There was a pause. I thought the connection cut out. Then I heard a sigh.

“Kate– I, yes, I did get the money.”

Relief flooded through me. “Oh, thank God. Lisa, I need you to wire it back to me–”

Another pause.

“I can’t. I promised not to.” The anguish in her voice spoke of indelible pressure from my older siblings. The ones who thought they knew best, always judging my life choices. Granted, they had a point this time, but I would never forgive them their lack of support. To me, family meant acceptance, love. I hadn’t hurt anyone but myself.

And Oggie.

“Lisa, you have to listen to me. It’s the only way I can get out of the country. I wired the money to you because I knew you’d do the right thing and keep it safe until I needed it.”

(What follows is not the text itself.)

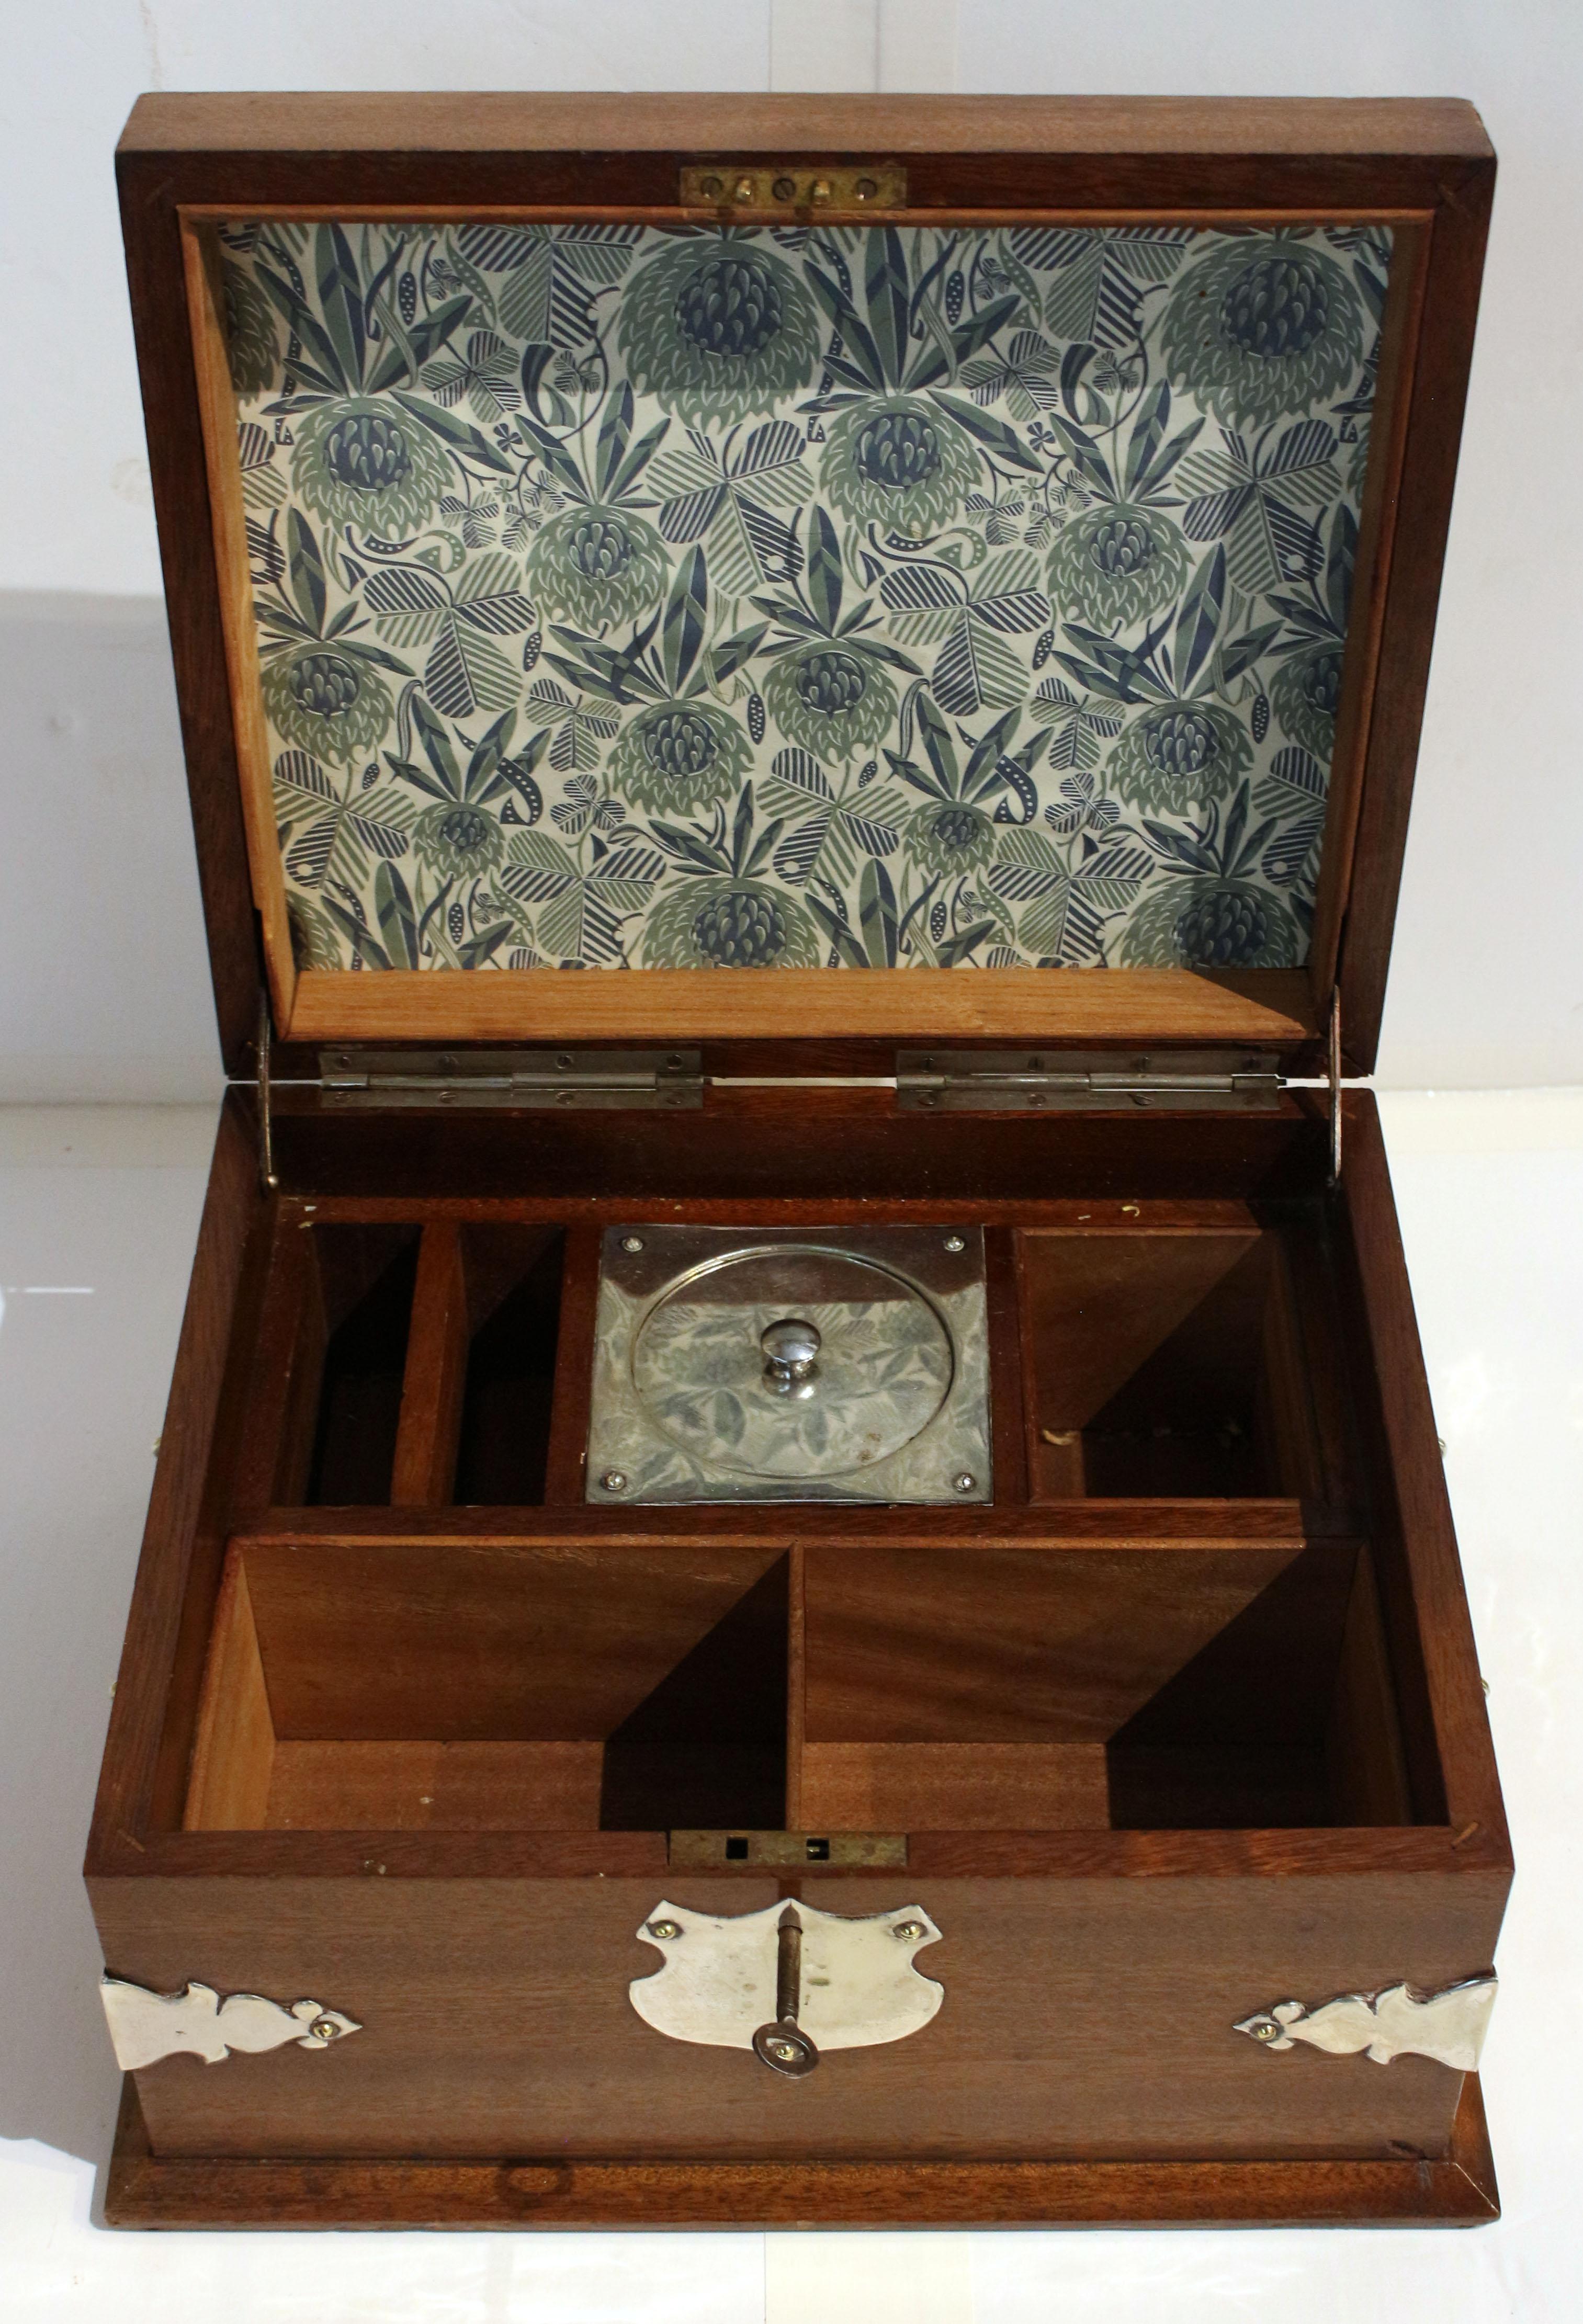 Other Circa 1870s Silverplate and Mahogany Humidor Box

“I. Can’t.” I heard her take a deep breath, then slowly let it out. “They told me you’d just get into more trouble if I did. Kate, I’m so sorry I–”

I switched tactics and tried a harder line. “The money’s mine, Lisa. You need to wire it to me, now.” Lisa was the youngest of all of us and she caved whenever someone exerted authority. I hated doing that to my sweet, sensitive sister, but damn, my life was at stake.

She cried softly on the other end.

“I-I can’t, Kate. I’m so sorry–”

“Lisa, wait–”

The line went dead.

I stared at the phone. The overwhelming sense of abandonment surprised me. I’d always just assumed I could count on Lisa for anything. Anger soon replaced the loss I felt. I took deep breaths to calm myself and extinguish the dark thoughts I was having of my other sisters. Anger wouldn’t help me now. I needed to formulate another plan.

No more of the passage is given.